Sequence number of the SYNACK segment sent by gaia.cs.umass.edu to the client computer in reply to the SYN is 0. The value of the Acknowledgement field in the SYNACK segment is 1 and the segment is identified as a SYNACK segment since the flag SYN&ACK bits are set to 1.
5. What is the sequence number of the TCP segment containing the HTTP POST command? Note that in order to find the POST command; you’ll need to dig into the packet content field at the bottom of the Wireshark window, looking for a segment with a “POST” within its DATA field.
The sequence number of the TCP segment containing the HTTP POST command is 1.
6. Consider the TCP segment containing the HTTP POST as the first segment in the TCP connection. What are the sequence numbers of the first six segments in the TCP connection (including the segment containing the HTTP POST)? At what time was each segment sent? When was the ACK for each segment received? Given the difference between when each TCP segment was sent, and when its acknowledgement was received, what is the RTT value for each of the six segments? Select a TCP segment in the “listing of captured packets” window that is being sent from the client to the gaia.cs.umass.edu server.
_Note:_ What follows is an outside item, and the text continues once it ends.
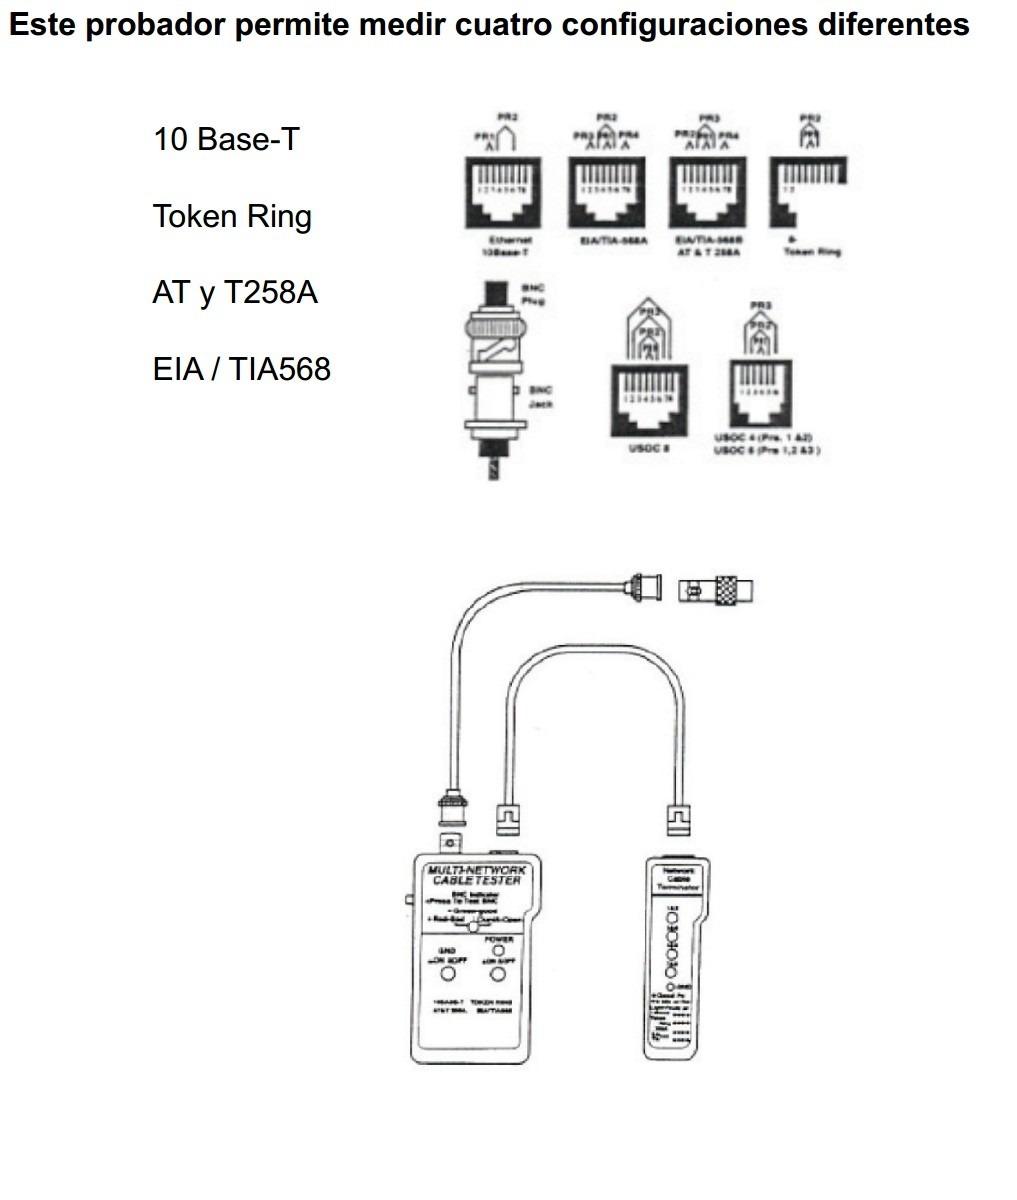 t568b db9 wiring diagram 568b wiring diagram elsavadorla

Then select: Statistics->TCP Stream Graph->Round Trip Time Graph.
The Estimated RTT was calculated using the following equation using Initial Estimated RTT = initial Sample RTT
Estimated RTT = 0.875*Estimated RTT + 0.125*Sample RTT
7. What is the length of each of the first six TCP segments?
The length of the first TCP segment is 565 bytes. The other five are 1460 bytes each.
8. What is the minimum amount of available buffer space advertised at the received for the entire trace? Does the lack of receiver buffer space ever throttle the sender?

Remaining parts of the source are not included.